Boost logo

Boost :

Subject: Re: [boost] [chrono/date] conversion between concrete dates
From: Howard Hinnant (howard.hinnant_at_[hidden])
Date: 2013-05-11 18:22:41


On May 10, 2013, at 1:45 PM, "Vicente J. Botet Escriba" <vicente.botet_at_[hidden]> wrote:

> When I add validation on the source date format I get
>
> clang 3.2
> * empty field->serial ~6.3ns.
> * field->serial ~13.4ns.
> * empty serial->field ~1ns.
> * serial->field ~17.9ns.
>
> gcc-4.8.0
> * empty field->serial ~7.5ns.
> * field->serial ~15.7ns.
> * empty serial->field ~1ns.
> * serial->field ~21.7ns.

I've been experimenting with adding validation today. I'm guessing that all of your validation is in a translation unit hidden from the testing loop. Is that correct?

I've been putting my validation in a header because I want to make it constexpr, and constexpr stuff has weak linkage. The motivation for making it constexpr is that for any part of the validation that involves compile-time information, the validation happens at compile time.
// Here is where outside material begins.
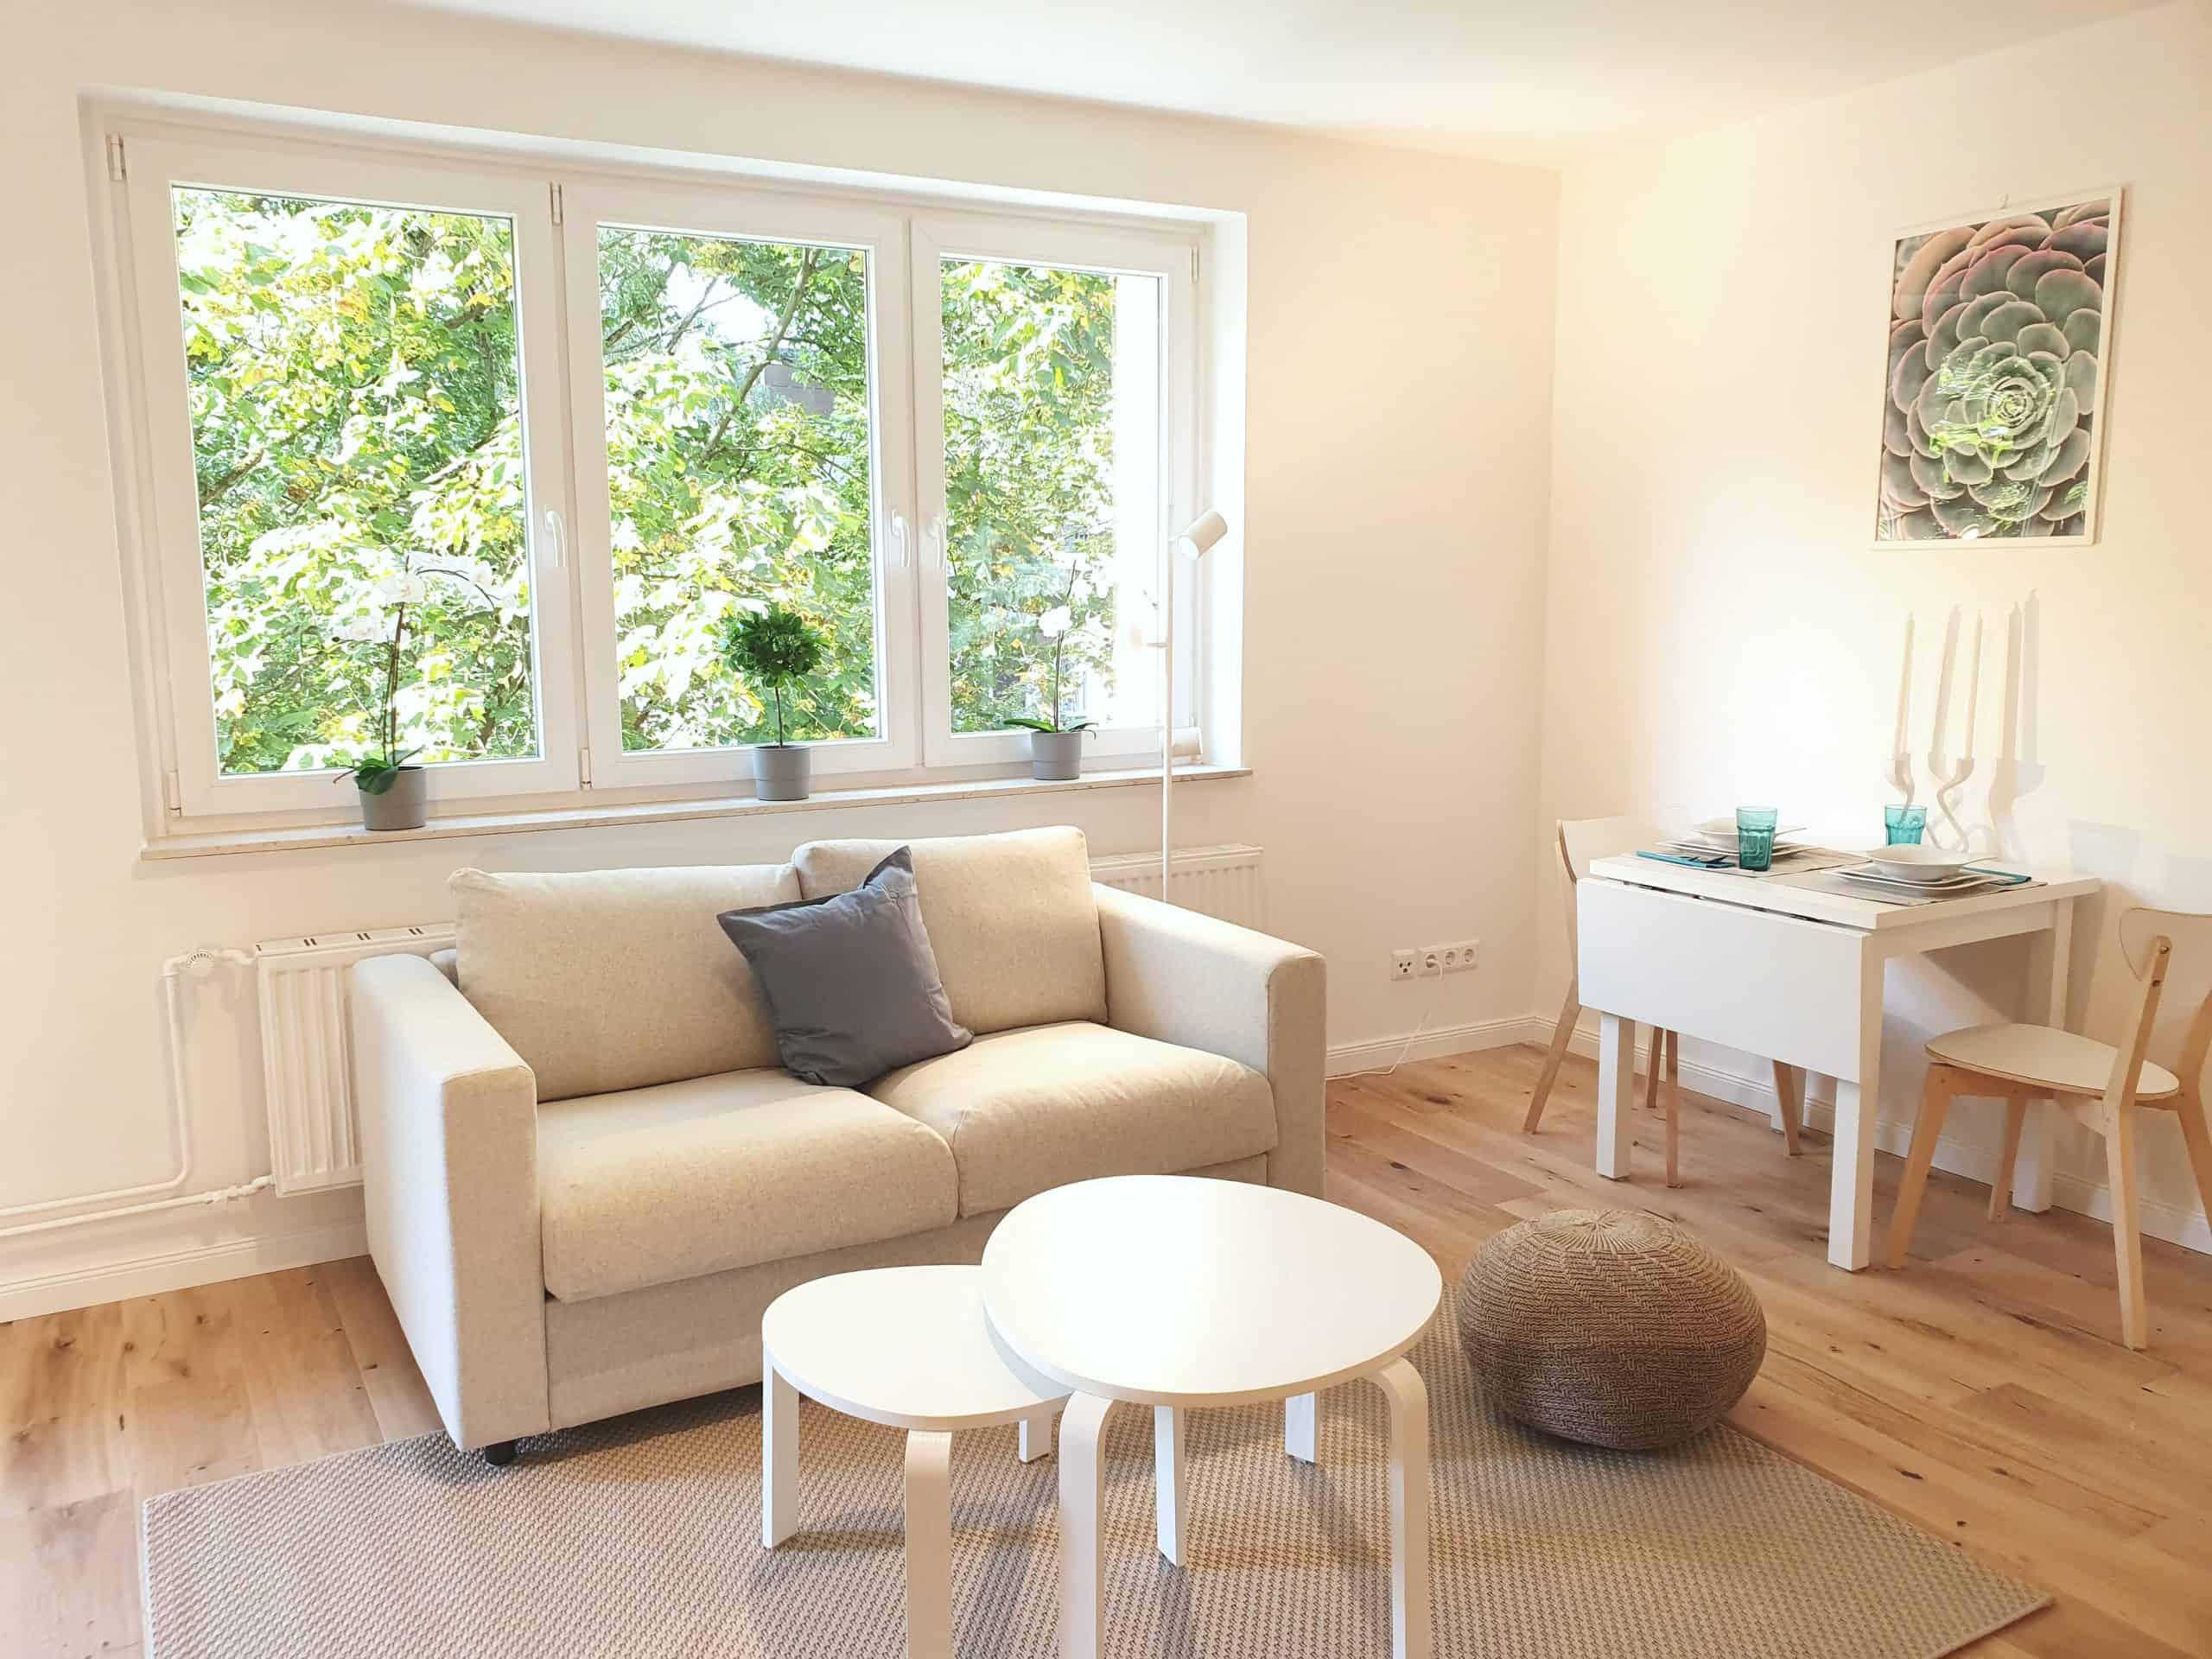 Provisionsfrei: 1 Zimmer Wohnung nahe UKE, Sofa und Essecke

And my first experiments today involve putting some of the validation back into the unit specifiers, in contrast to the direction I was heading earlier.

Specifically:

// invariants:
// 1 <= d_
class day
{
    int d_;

    static
    constexpr
    int
    __attribute__((__always_inline__))
    check_invariants(int d)
    {
        return 1 <= d ? d : throw bad_date{};
    }
public:
    constexpr
    explicit
    __attribute__((__always_inline__))
    day(int d)
        : d_(check_invariants(d))
        {}

    constexpr
    __attribute__((__always_inline__))
    operator int() const
        {return d_;}
};

// invariants:
// 1 <= m_ && m_ <= 12
class month
{
    int m_;

    static
    constexpr
    int
    __attribute__((__always_inline__))
    check_invariants(int m)
    {
        return 1 <= m && m <= 12 ? m : throw bad_date{};
    }
public:
    constexpr
    explicit
    __attribute__((__always_inline__))
    month(int m)
        : m_(check_invariants(m))
        {}

    constexpr
    __attribute__((__always_inline__))
    operator int() const
        {return m_;}
};

// invariants:
// none
class year
{
    int y_;
public:
    constexpr
    explicit
    __attribute__((__always_inline__))
    year(int y)
        : y_(y)
        {}

    constexpr
    __attribute__((__always_inline__))
    operator int() const
        {return y_;}

    constexpr
    bool
    __attribute__((__always_inline__))
    is_leap() const
        {return y_ % 4 == 0 && (y_ % 100 != 0 || y_ % 400 == 0);}
};

Because of a bug in clang (http://llvm.org/bugs/show_bug.cgi?id=12848) I've had to mark everything with always_inline to get the compiler to optimize it properly. But once done, it does the optimizations nicely.

Now the ymd_date (or whatever name) constructors can be carefully crafted to not re-validate information that is already known. For example if the ymd_date constructor takes a month (not an int), then there is no need for it to re-validate in the month at that point. month is known to be valid.

I've removed what I call "range checking", which means there is no validation on year.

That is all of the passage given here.